5D3 with 70-200 f2.8 IS II
5D3 with 24-70 f2.8 II

Then add secondary gear:

35 f2 IS
40 f2.8 (ok, not essential, but cheap and fun)
50 f1.4 IS (if Canon ever introduces it)

Gear I'd be tempted to buy:

7D
24-105 f4 IS

I went the 7D route before the 5D3 was available and I still use it for outdoor sports. (It's alse a "trainer" body for my kids.) Now that I have both the 7D and the 5D3, I know that I don't really need the 7D. But, if I never used one, I might be tempted. 

Same holds true for the 24-105. This lens still gets use because I like the IS. Still, I'm finding less need for it now that I have the 24-70 f2.8. The latter is not only better in low light, but seems to focus quicker (maybe because ofits larger aperature). Still, if i didn't own the 24-105, I'd be tempted by the IS. But, the 35 IS and the future 50 IS would mitigate the need for 24-105 for its IS.

As for a "pocket" camera, I'd probably go for the G16 over another S100. I know it isn't as pocketable, but it's still small and better in low light throughout its zoom range.


----------



## tron (May 26, 2014)

I would get the same Canon gear minus some discontinued lenses.


----------



## mb66energy (May 26, 2014)

Haves in black - new ones in red:

TOOLS:
EF-S 10-22 | 60 ||
EF-M 11-22

EF 2.8/24 | 2.8/40 | 2.8+2.0/100 | 4.0/70-200 | 5.6/400 ||
EF 2.8 24 IS | Sigma 1.4 50 Art | 2.8 100 IS Macro + 2.0 100 | 4.0 70-200 IS | 5.6 400 

2 x 40D || 2x TC ||| 600D for video ||| EOS M + bunch of FD chrome rings 
2 x 600D for video and photo + 2 x EOS M with EF adapter as intelligent back cap

Add a fast APS-C and/or a slow high MP 35mm camera


----------



## ecka (May 26, 2014)

Here is a similar thread:
http://www.canonrumors.com/forum/index.php?topic=20612.msg389798#msg389798


----------



## cid (May 26, 2014)

It depends, if I should start from scratch, but with experiences I already have and let's say some unlimited budget ... then

5DmkIII (maaybe 1DX, bacause 12fps is tempting, but I like to crop)
1V - I want to buy this body for some film experiments
15mm Zeiss
24-70L mk II
55mm Zeiss
70-200L mk II IS
100L

aaaand

200L f/2 - I really really love it's bokeh
400L f/2.8 - to have some more serious reach

aaaand something portable

RX1

and then I put very satisfied smile on my face and pretend to be the happy buddha ;D


----------



## PKinDenmark (May 26, 2014)

What a terrible situation to start this fantasy. 
I am currently a very happy 6D-owner - 14 months on the meter right now. 
I am definitely staying in the Canon-camp, as Canon has provided the growth-path, that I needed, since I started digital in 2004 (Canon G5, then 450D, now 6D), and I am very comfortable with the user-interface as a whole.
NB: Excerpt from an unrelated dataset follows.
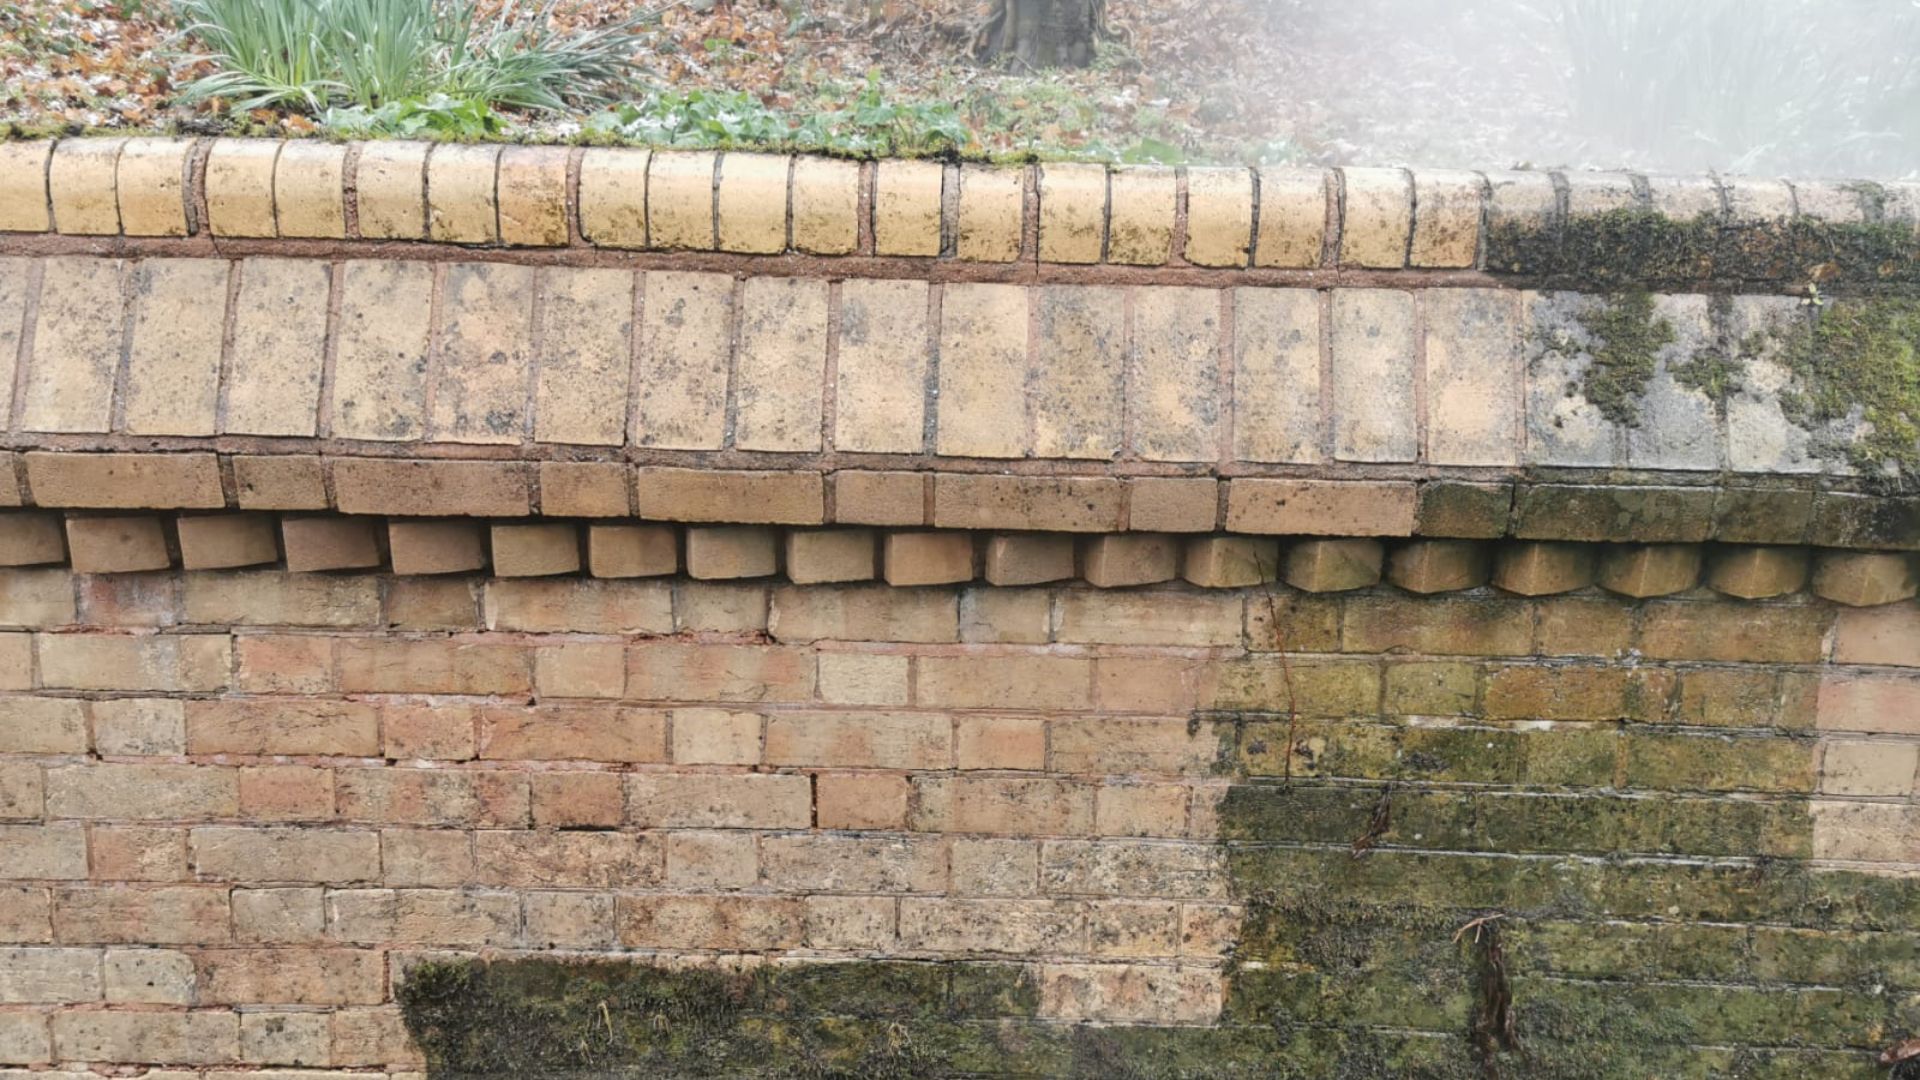 A partially clean brick wall to demonstrate teh effectiveness of Vinci Response's brick cleaning service.

Should I have to re-start from scratch today, I would probably choose 6D again, as for me it is the perfect balance between IQ, other capabilites and size (I do not want anything bigger / heavier). 
However that would change with timing, as we are now quite much into the 6D lifecycle. I know it is not near-term, but of course I would be happy to move into a 6D II or whatever such a thing would be named. The main improvement, that I would look for just now, is a more capable AF-system for action.
My set of lenses serves me well, too. I Intend to stay in the f/4 family (again my sort of compromise), as it becomes clearer, that there will be a strong range of f/4 quality lenses. Here some of the new tools look promising (16-35mm f/4 to replace my old 16-35 f/2.8 Mk I).
Ideas for some changes: 
- 50mm f/1.4 upgrade to ... ? I would probably wait for Canon on that
- 100mm L 2.8 macro (bought it when on crop) - I might consider the longer 180mm
- upgrade on flash - from current 420EX to ...? Do not know just now
And then add something longer than my 70-200 L IS f/4.
- a new 100-400mm II ?? 
- a 150-600mm perhaps (would be my first non-Canon lens)
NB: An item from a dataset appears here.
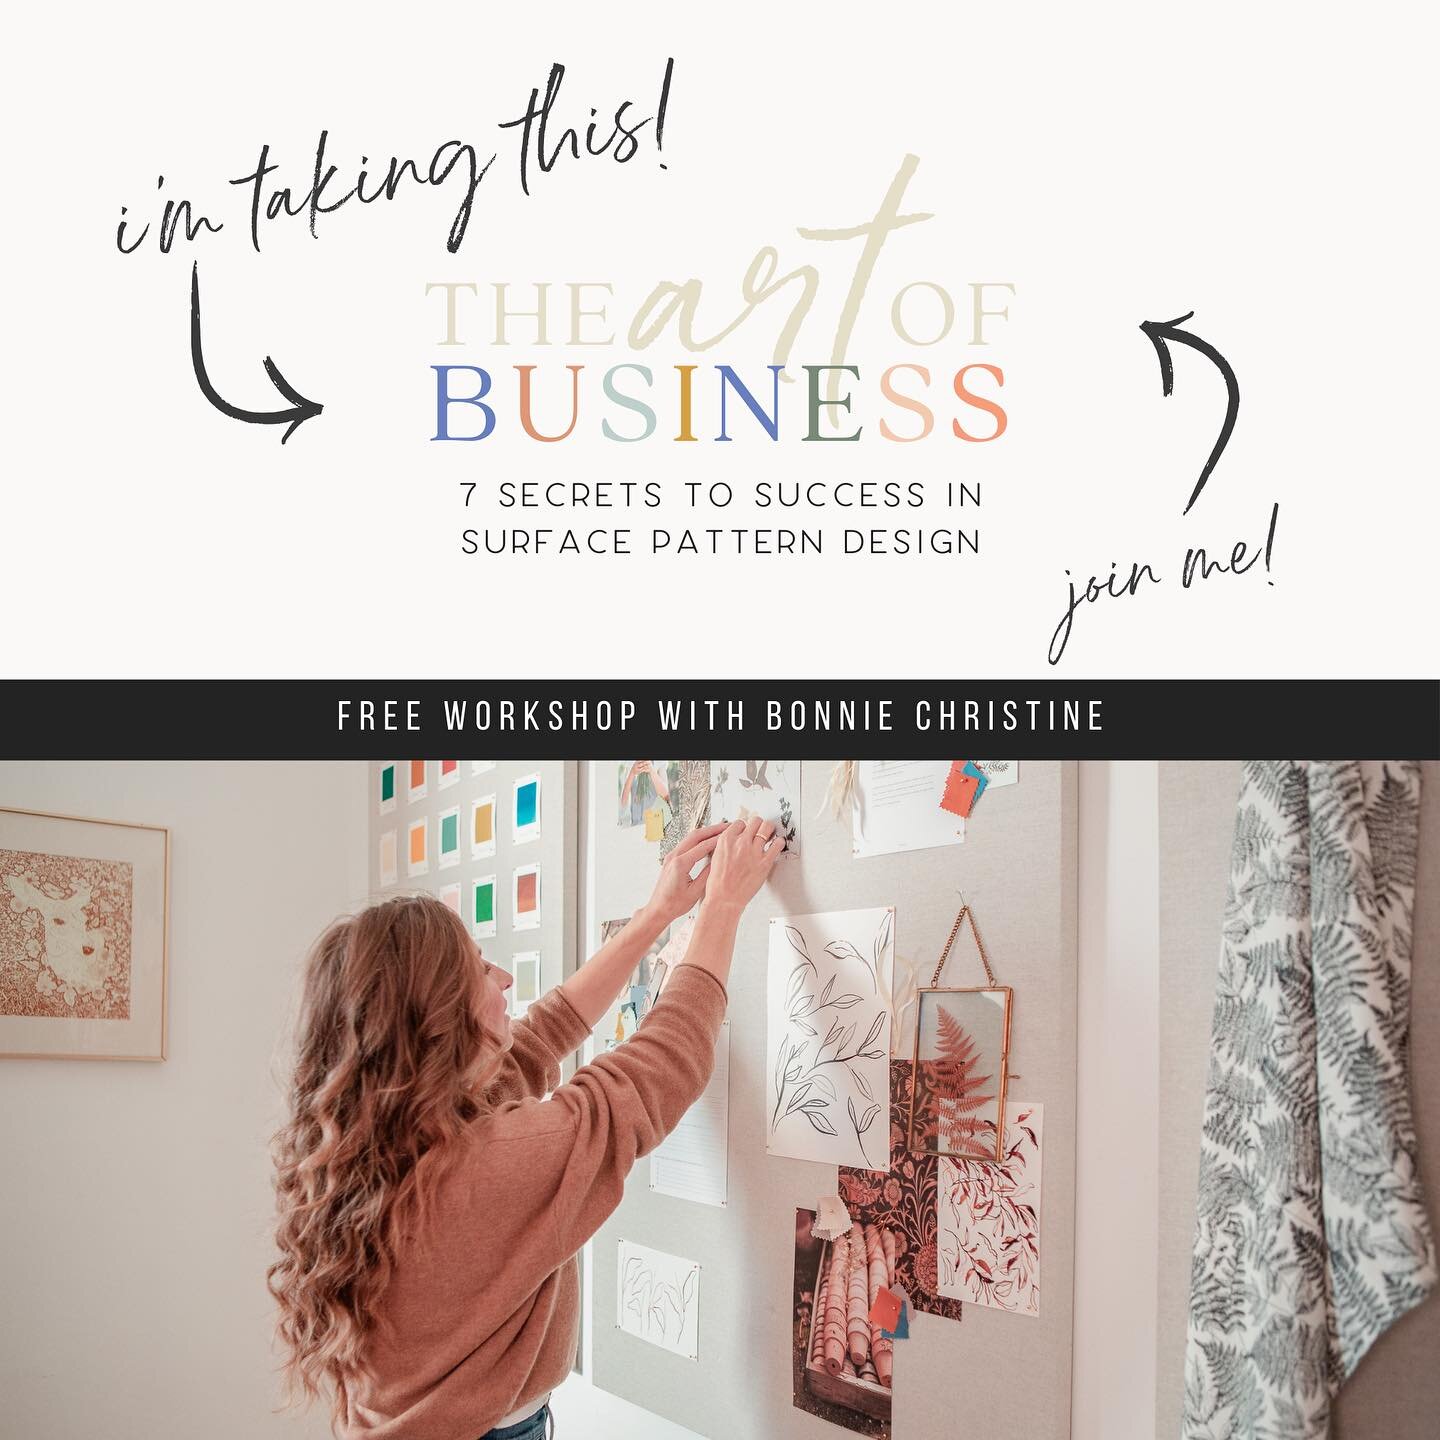 I know, I know, ANOTHER post about this workshop?! I get it. Truly, I do. But here&rsquo;s the thing...it&rsquo;s free. 100% free. In lesson one, Bonnie is transparent about the fact that she&rsquo;s going to introduce you to her paid course, Immersi

So overall: Should this ever happen (hope not), please wait a couple of years for some of the vapor to become solid, and for some sort of 6D upgrade to materialize.


----------



## Skulker (May 26, 2014)

I don't think I would want to change. I'm very happy with the 1Dx and the 5D3. I don't think there is anything else out there that would tempt me, or is a better over all package.

I did consider changing to Nikon before the 1Dx came out but decided that Canon would probably catch up or overtake again. I know a lot of people will rattle on about DR or Mega pixels. Sure cleaner darks would be nice but its never really a problem unless I mess up with exposure. And I'm not really after extra megapxels.

Having said all that I have nothing against Nikon. If Canon wasn't there I would be very happy with Nikon.

The one thing I would like and don't have is a nice walk about camera. If I don't carry one the the above cameras then I use my phone. It would be nice to have something, but nothing avalible at the moment floats my boat.


----------



## eml58 (May 27, 2014)

Over the years I've tried a few different options alongside my Canon gear, D800, D3x, a7r, M9, but for what I currently like to Photograph ??

1Dx & my Big Whites, especially the 200-400f/4, 300f/2.8 II & 600f/4 II for anything that moves fast.

But for Landscape, Portraits, still life type Imaging ? Phase One IQ 280, as long as that Insurance Check was Reeeealy big, if it was less than reeeeealy big, maybe look at the soon to be released Pentax 645z.

The problem this introduces is then having to cart two systems every where you go, I mean, you have to take everything with you, right ??


----------



## distant.star (May 27, 2014)

.
Simply replacing equipment would hardly be a "start from scratch all over again."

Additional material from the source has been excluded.